▸ **Exercise details**: Keep the images out while you set down the data exactly.

▸ **Data segment**:
◆ ◆ ◆
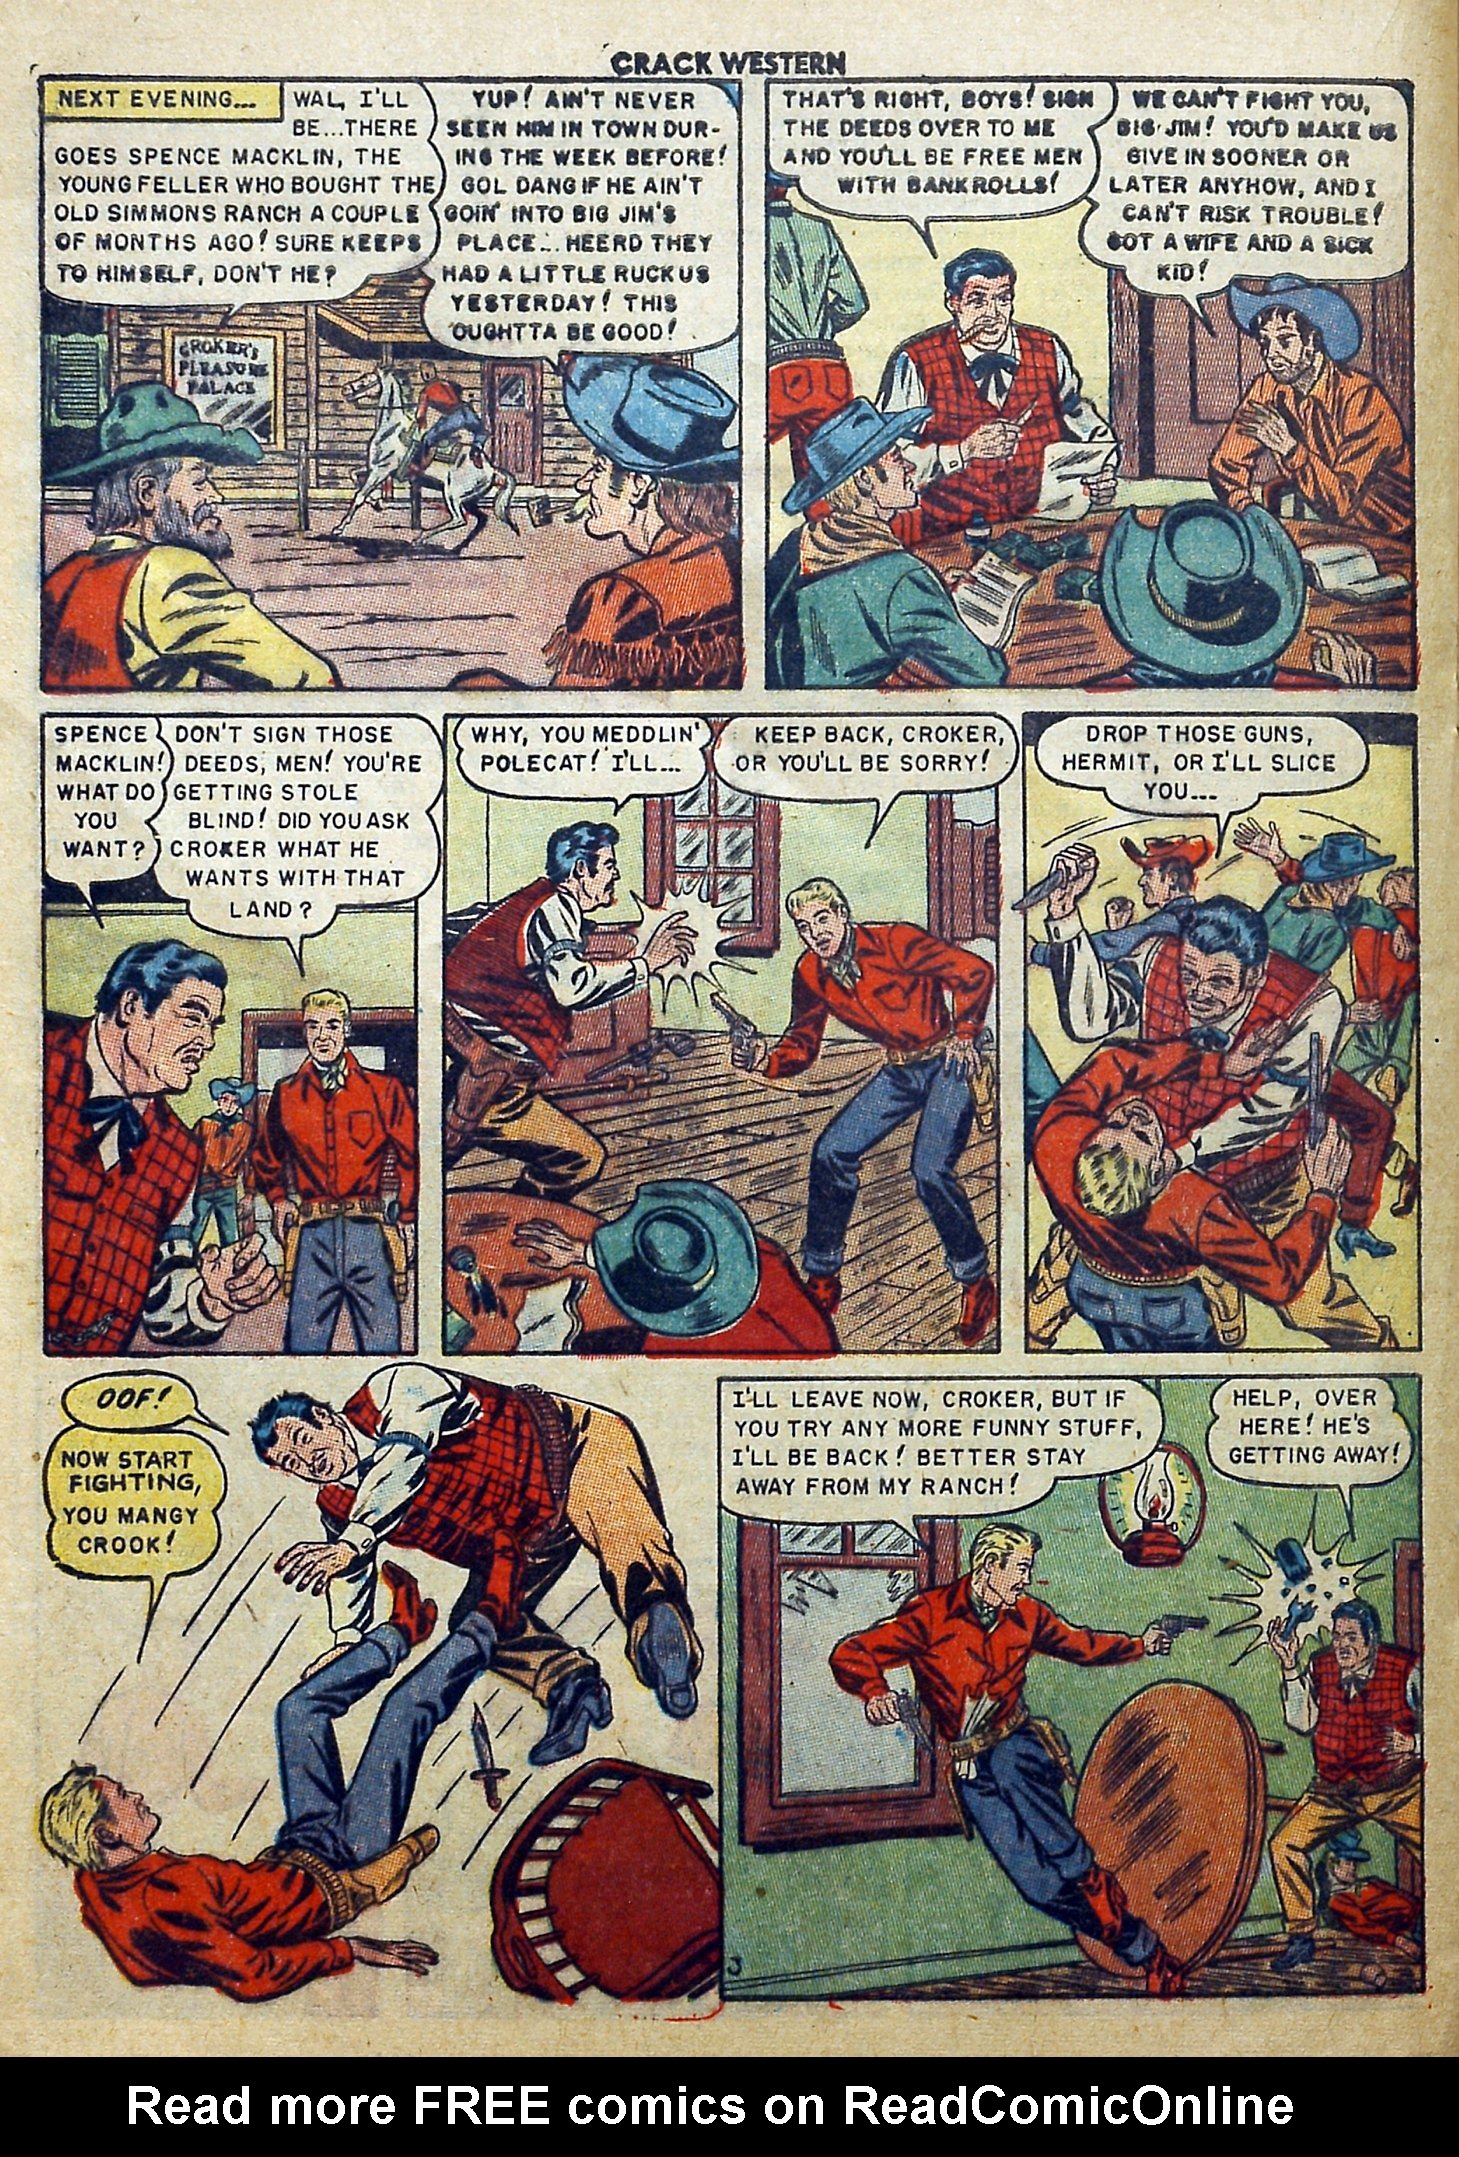 Read online Crack Western comic -  Issue #68 - 20
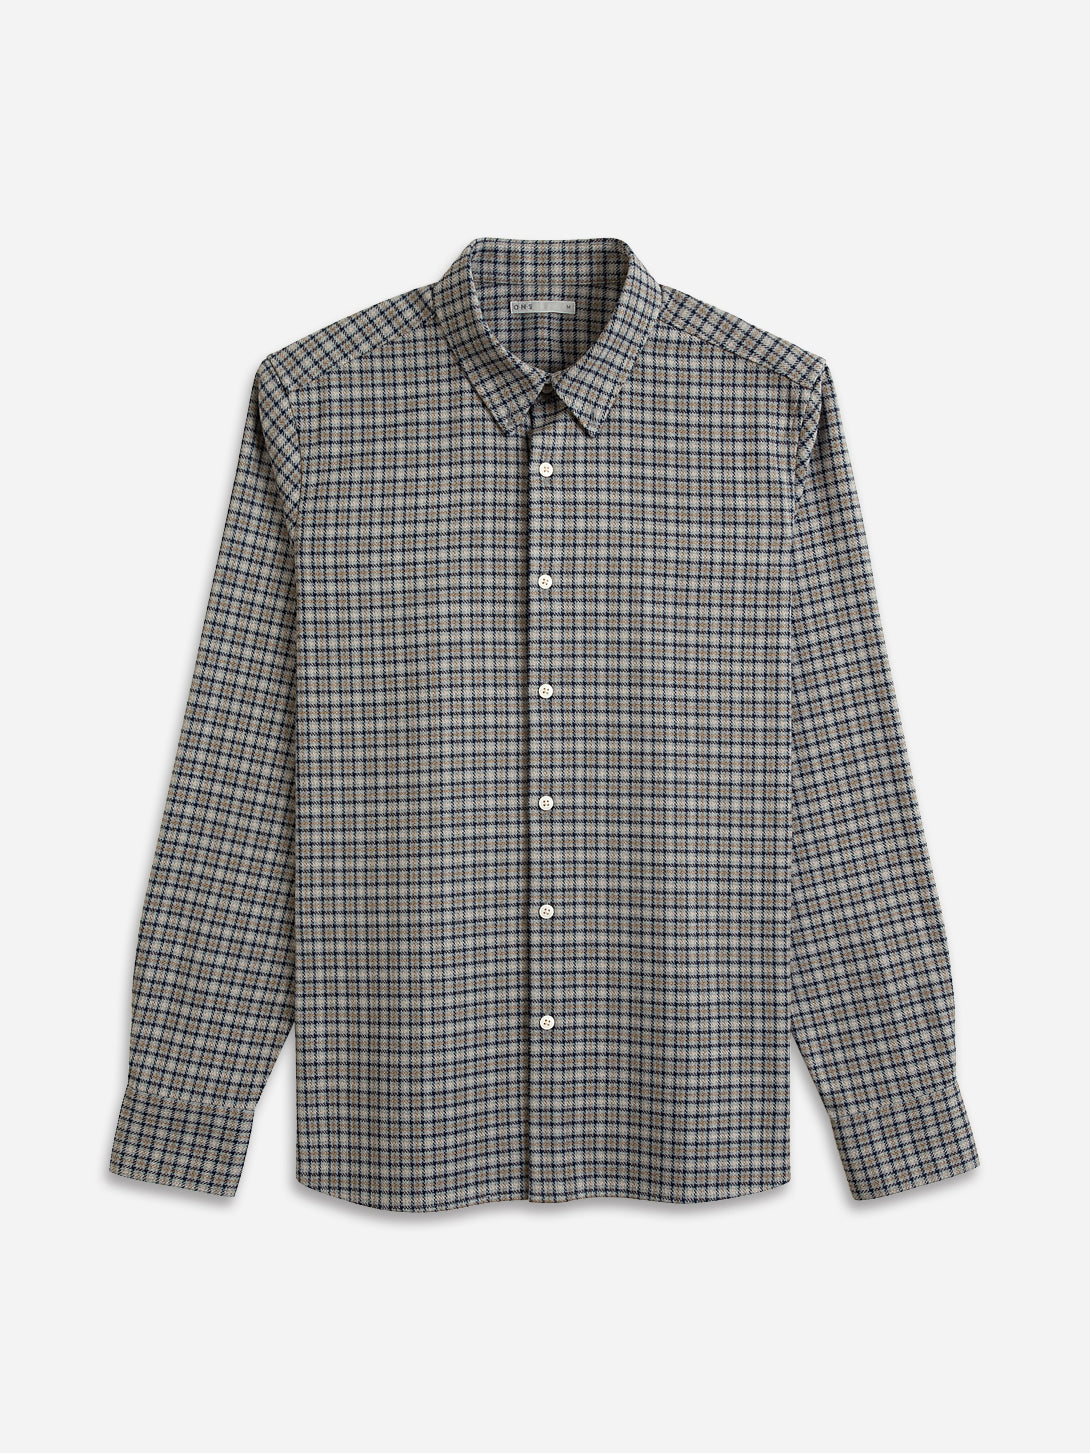 Navy/Khaki Check Fulton Houndstooth Fall Patterned Checkered Mens Button Up Shirt
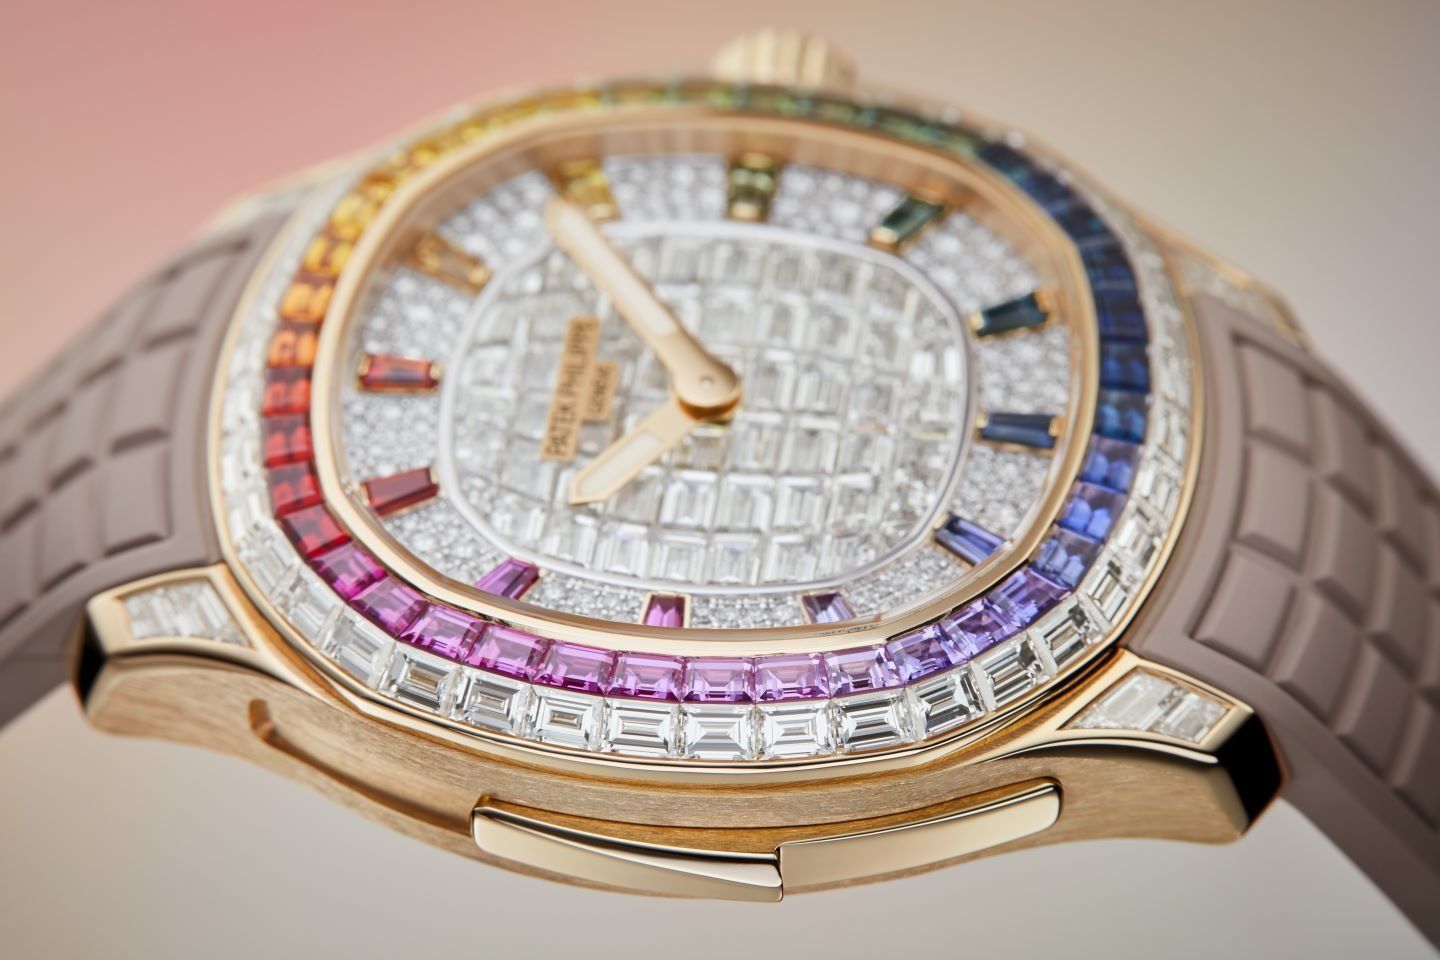 Patek Philippe: 52 baguette sapphires in an alluring color gradient with diamonds, while an even more dazzling salon edition features over 800 multicolored baguette. 
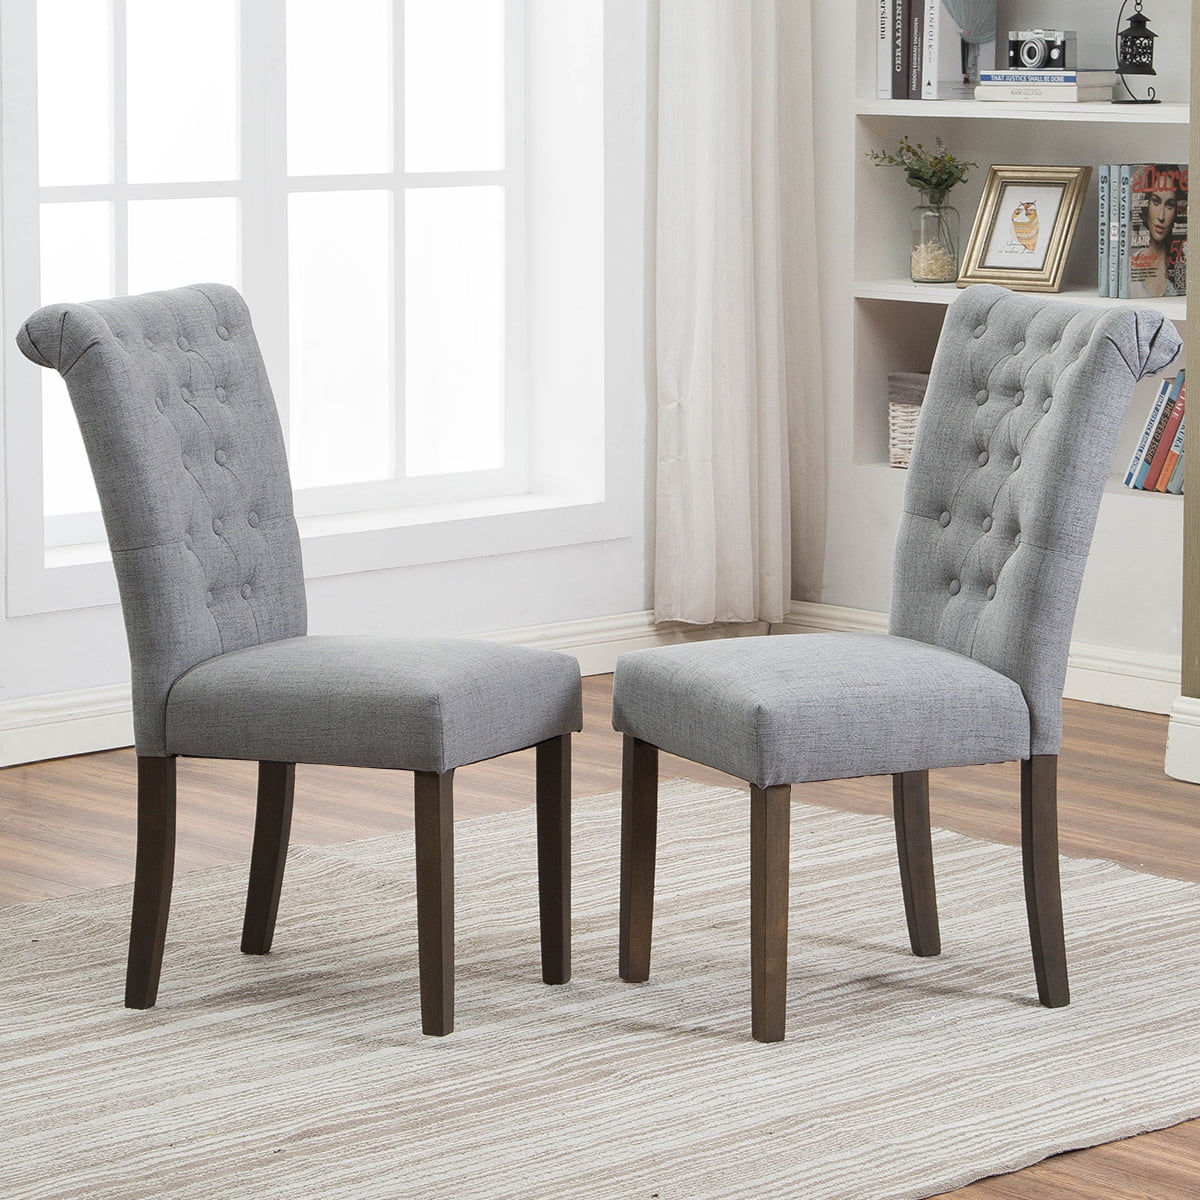 Grey Tufted Dining Chairs Set of 2, Upholstered High Back ...
◆ ◆ ◆
▸ **Output for this task**:
 Read online Crack Western comic -  Issue #68 - 20
 Navy/Khaki Check Fulton Houndstooth Fall Patterned Checkered Mens Button Up Shirt
 Patek Philippe: 52 baguette sapphires in an alluring color gradient with diamonds, while an even more dazzling salon edition features over 800 multicolored baguette. 
 Grey Tufted Dining Chairs Set of 2, Upholstered High Back ...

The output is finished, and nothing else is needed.